#### [Dataset section]
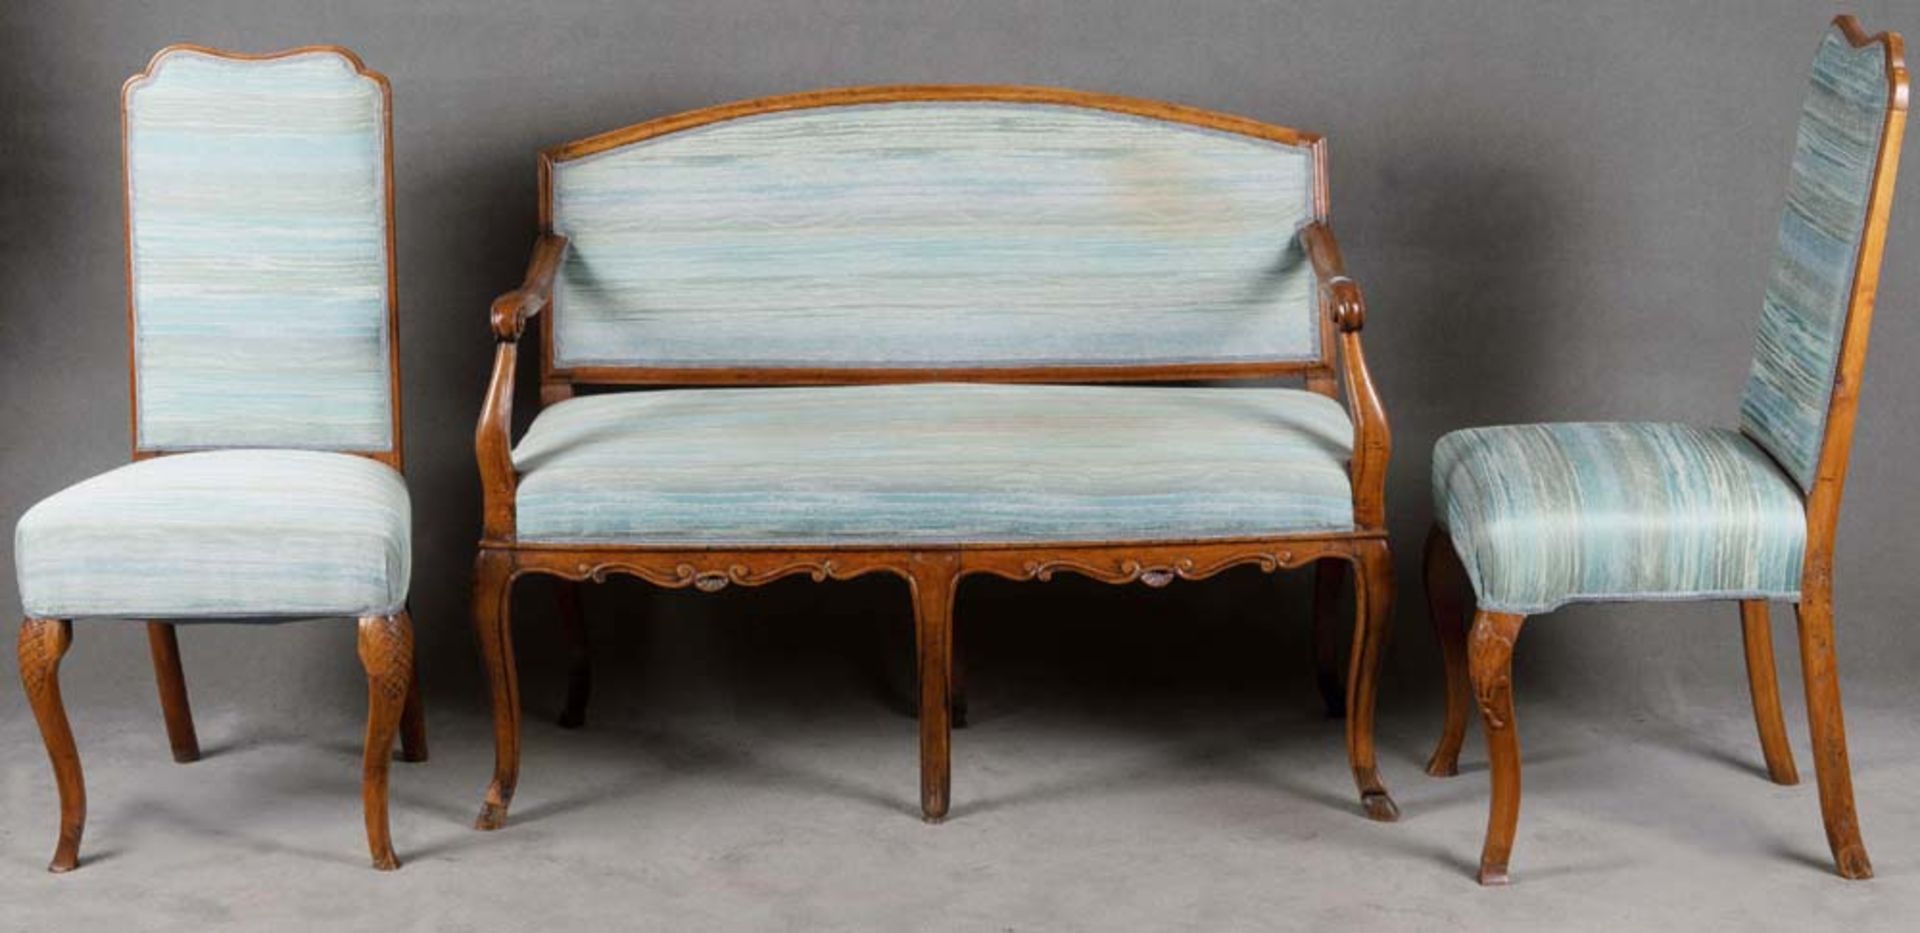 Dreitlge. Sitzgarnitur. Deutsch 18. Jh. Bestehend aus: Ein Paar Stühle und ein Sofa (B=120 cm).
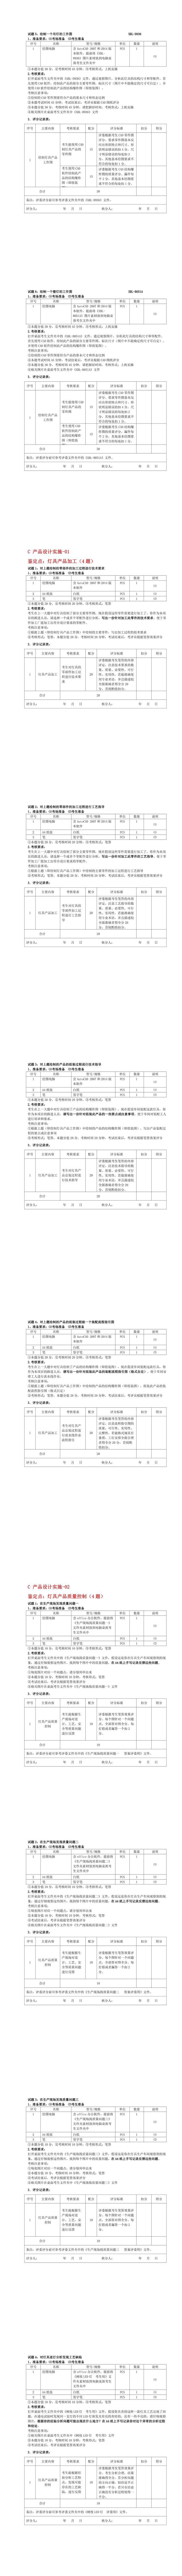 灯具设计员级操作技能考核实操题库(21-30).jpg
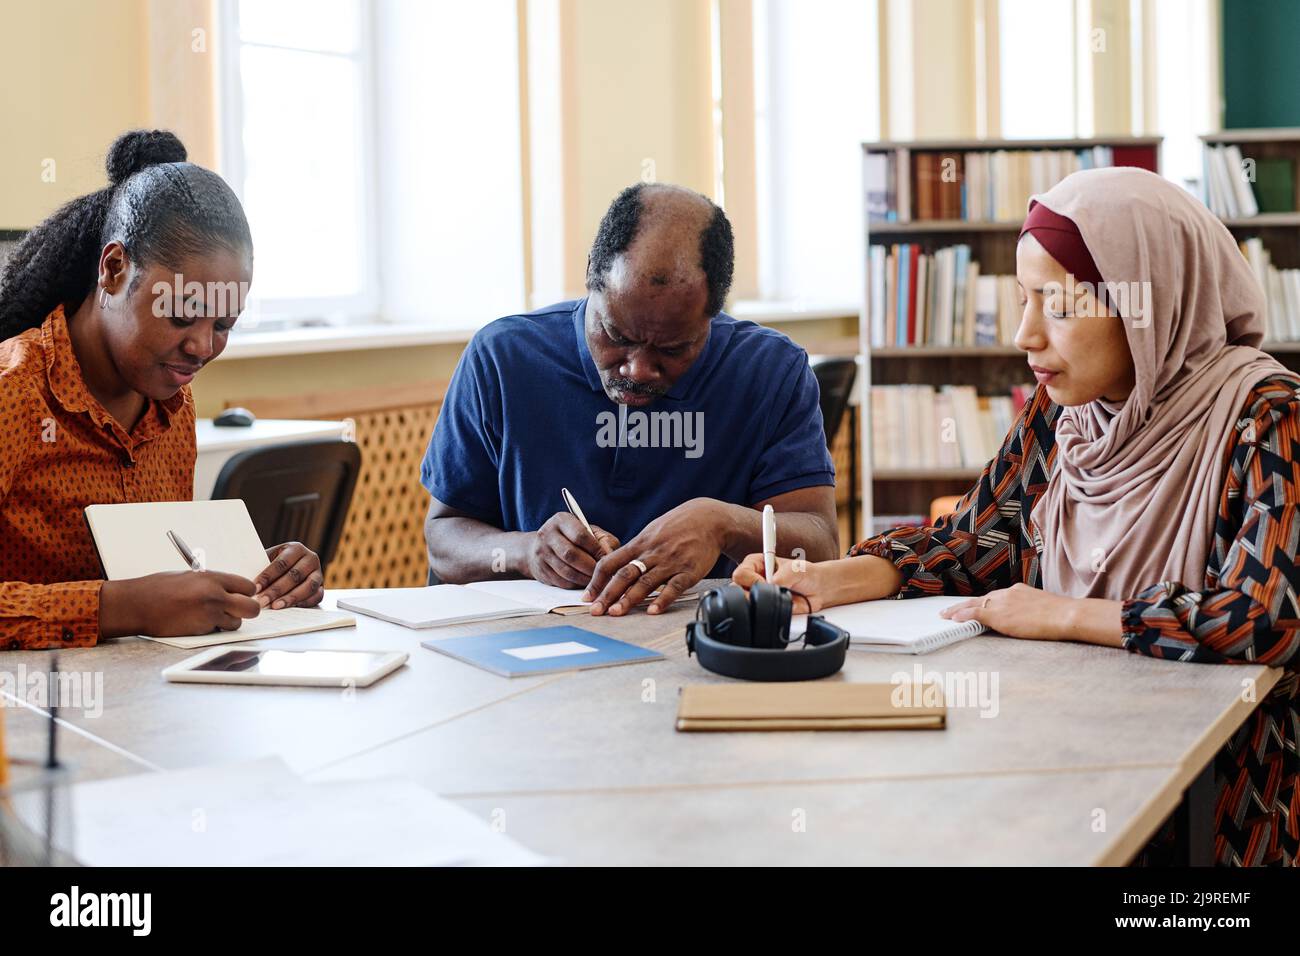 Gruppo di tre studenti immigrati multietnici seduti a tavola in biblioteca che svolgono un compito di scrittura durante la lezione Foto Stock

#### [Try it]
Return every line above word for word, minus images.

#### [Output of the exercise]
 Dreitlge. Sitzgarnitur. Deutsch 18. Jh. Bestehend aus: Ein Paar Stühle und ein Sofa (B=120 cm).
 灯具设计员级操作技能考核实操题库(21-30).jpg
 Gruppo di tre studenti immigrati multietnici seduti a tavola in biblioteca che svolgono un compito di scrittura durante la lezione Foto Stock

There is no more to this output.